### DATA FOR ANALYSIS

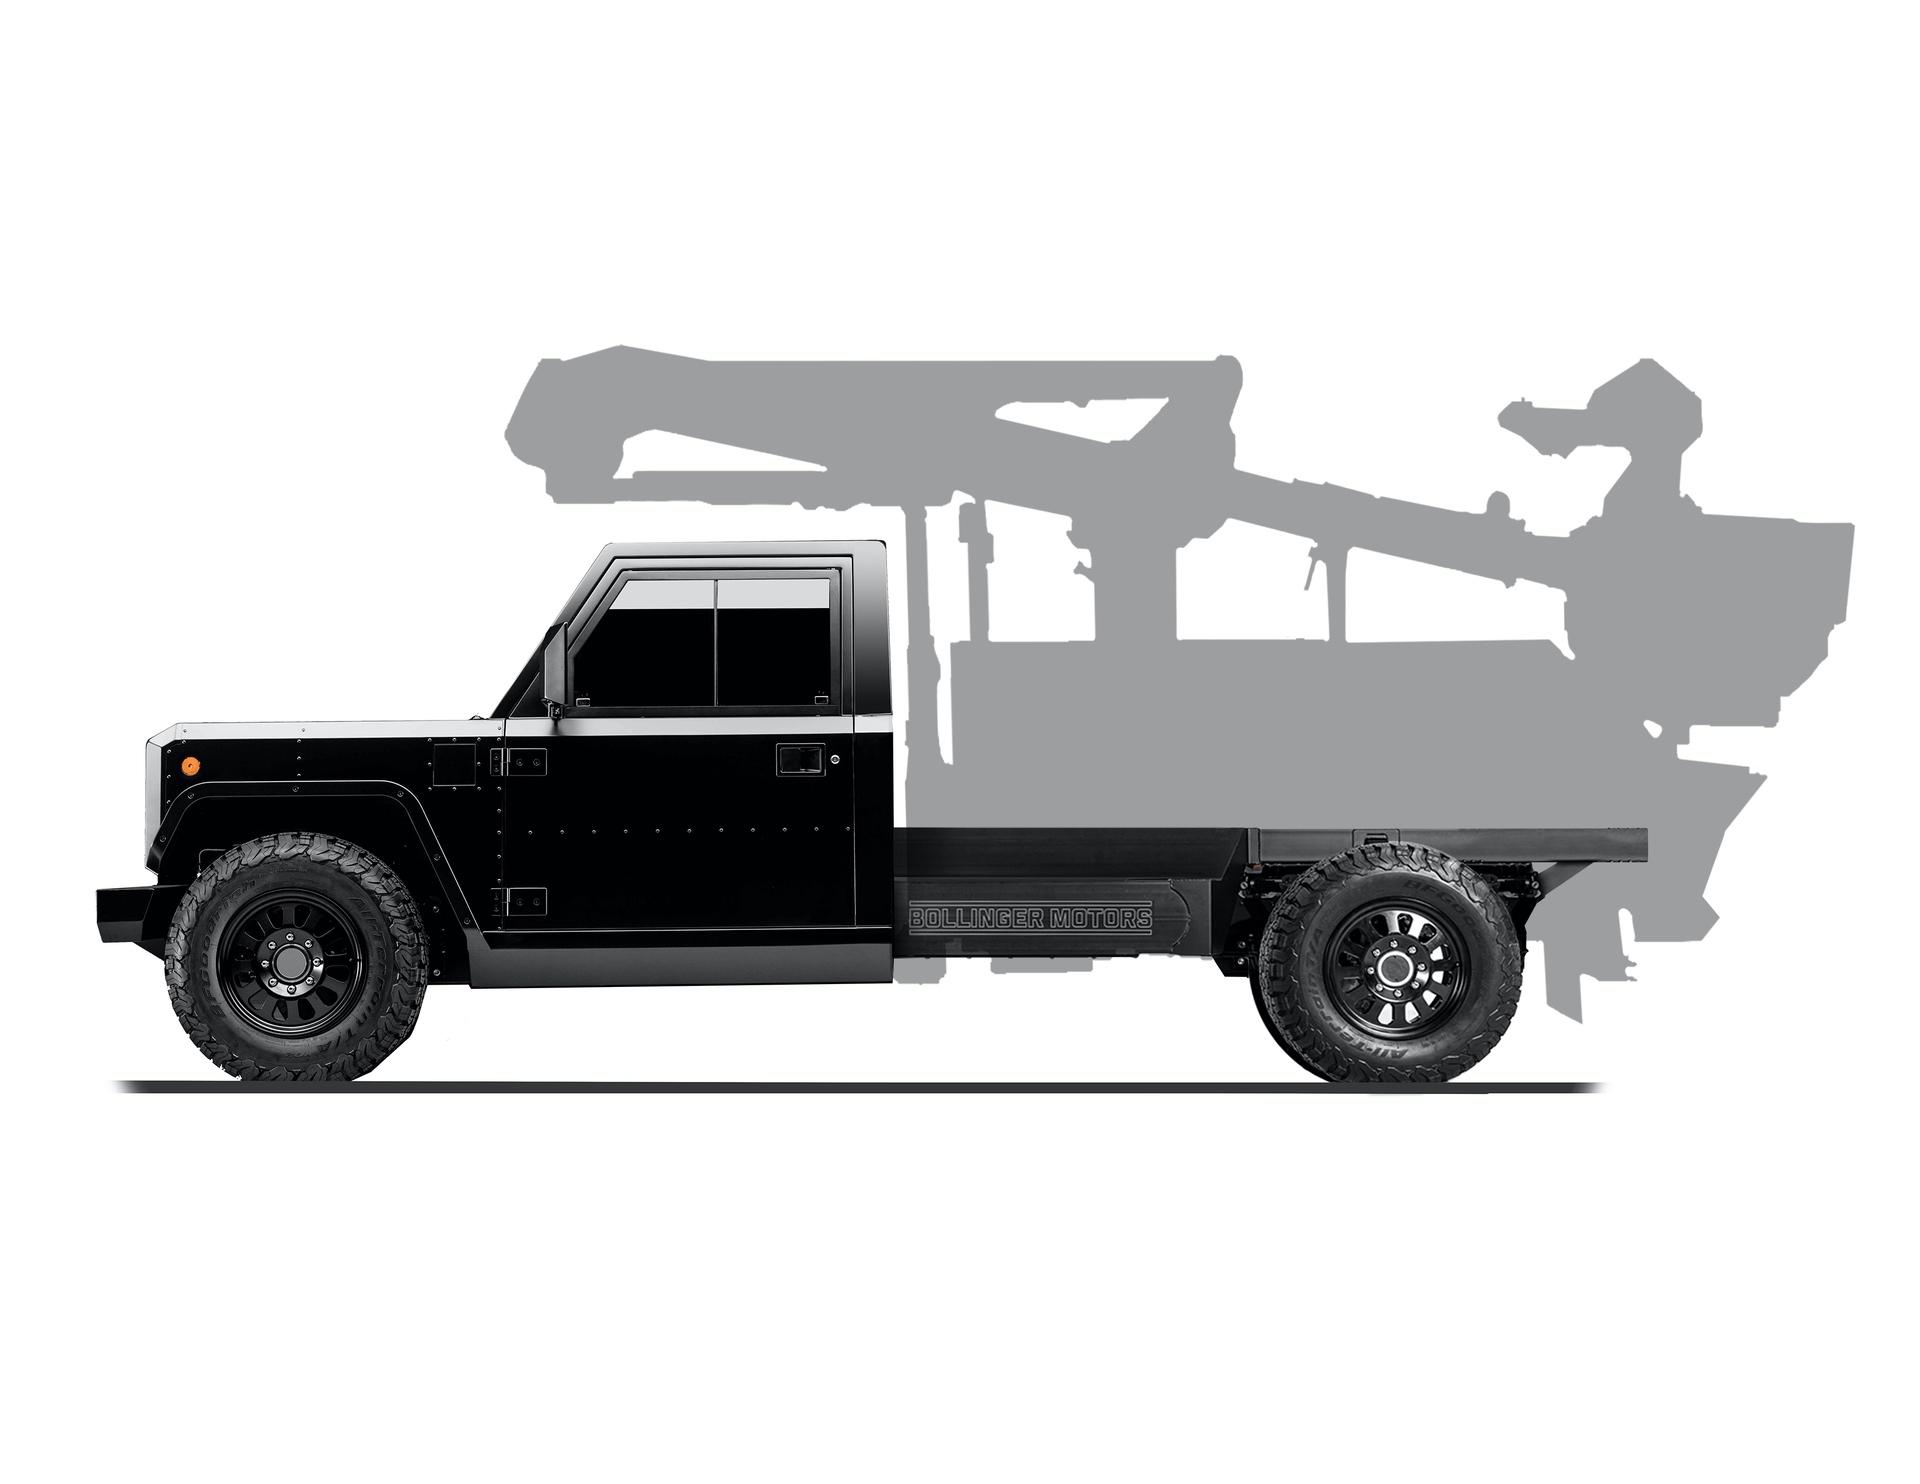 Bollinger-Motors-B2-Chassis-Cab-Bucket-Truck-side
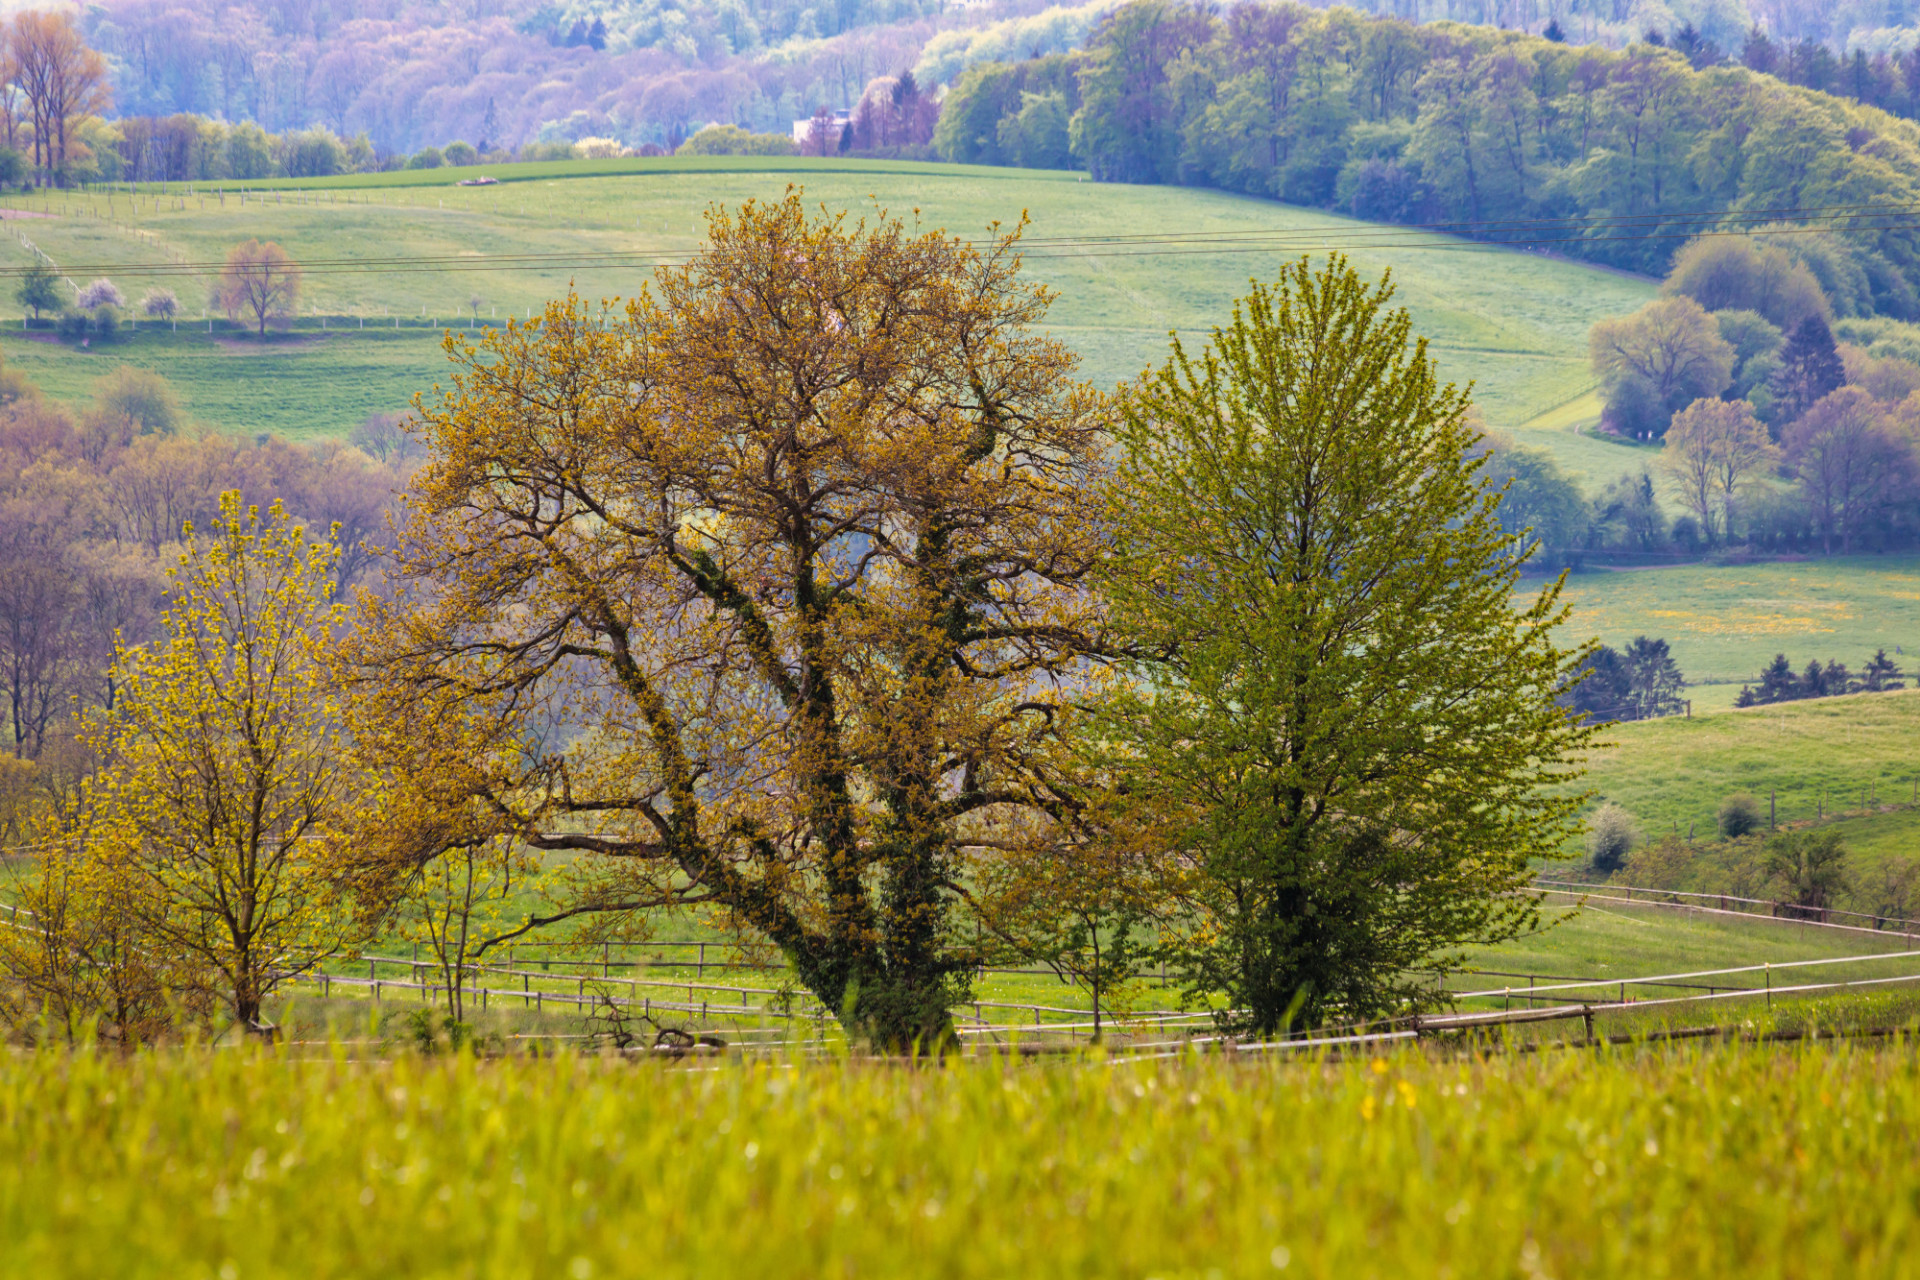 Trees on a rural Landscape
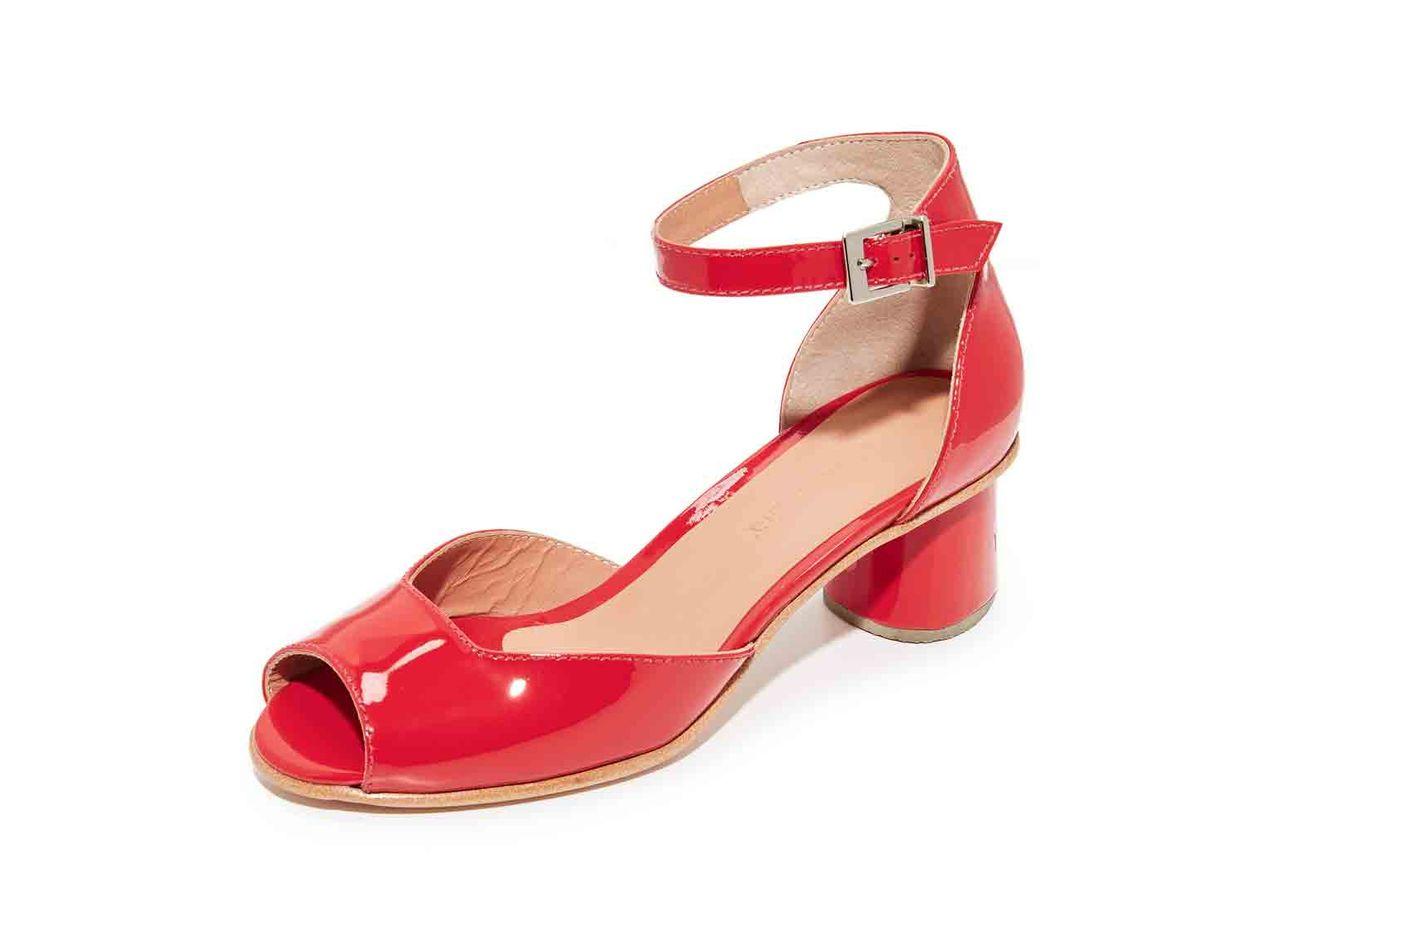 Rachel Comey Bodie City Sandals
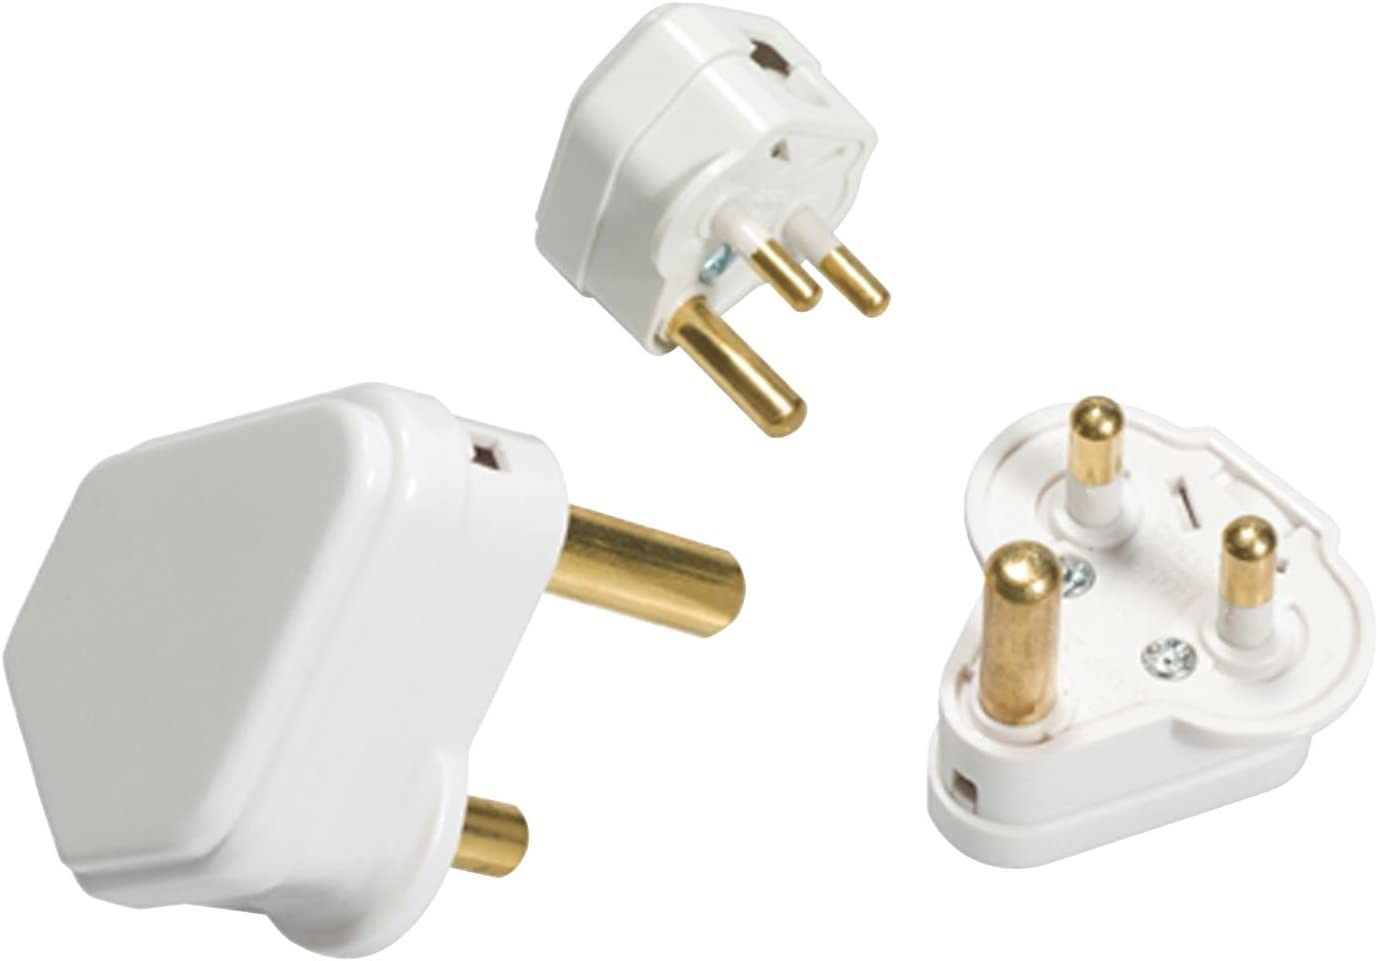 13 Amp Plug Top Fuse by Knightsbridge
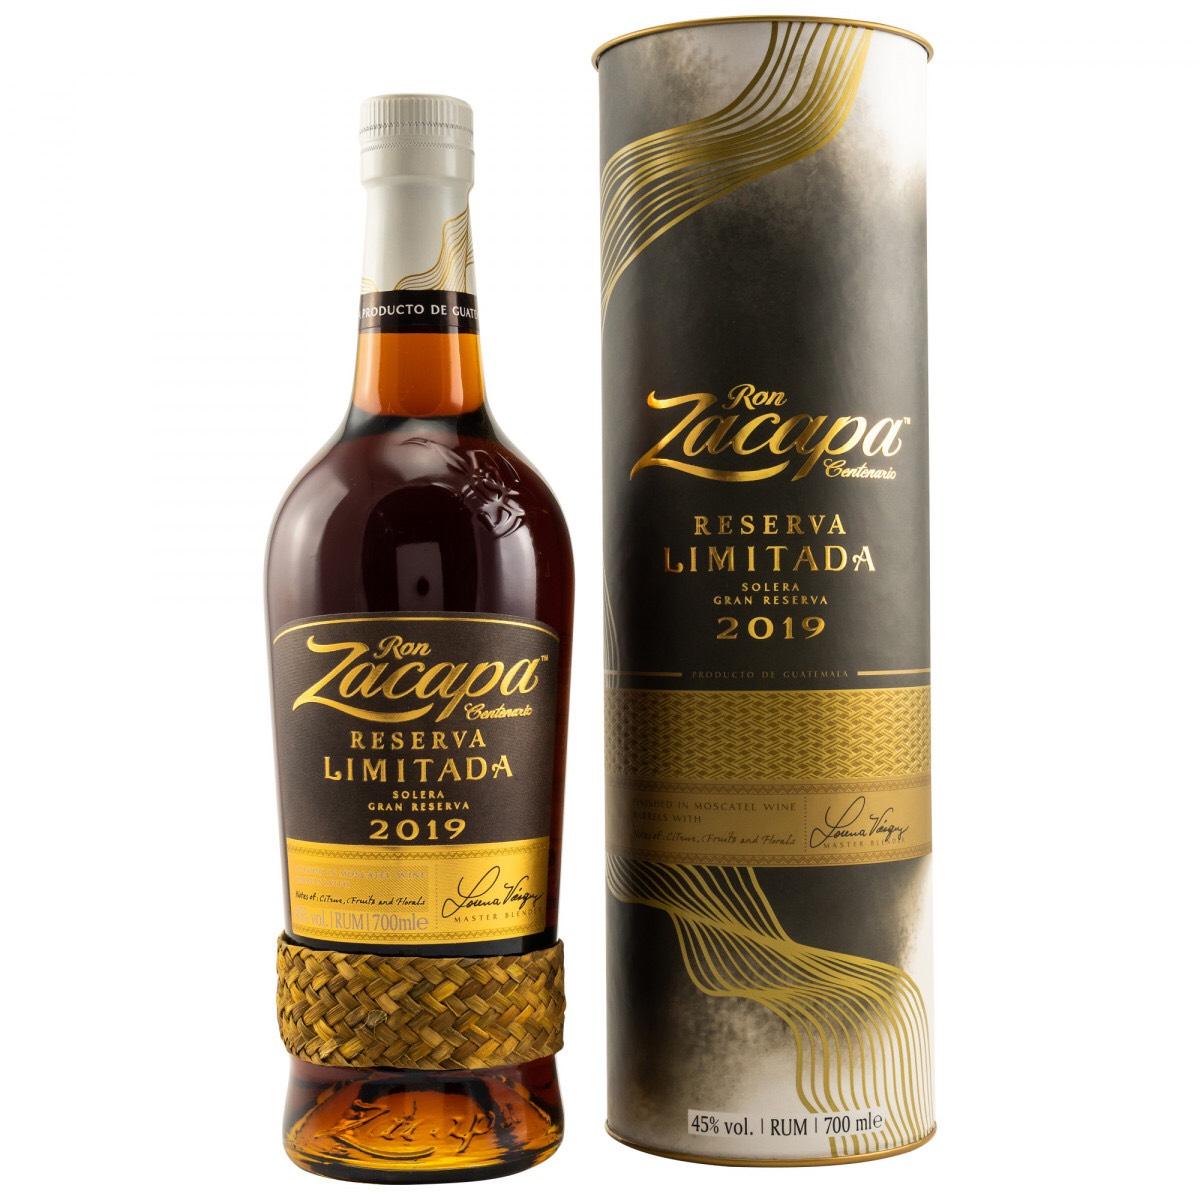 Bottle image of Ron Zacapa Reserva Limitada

######

• _ASSIGNED TASK_
Your reply should restate every entry exactly, with the pictures left out.

• _YOUR RESPONSE_
 Bollinger-Motors-B2-Chassis-Cab-Bucket-Truck-side
 Trees on a rural Landscape
 Rachel Comey Bodie City Sandals
 13 Amp Plug Top Fuse by Knightsbridge
 Bottle image of Ron Zacapa Reserva Limitada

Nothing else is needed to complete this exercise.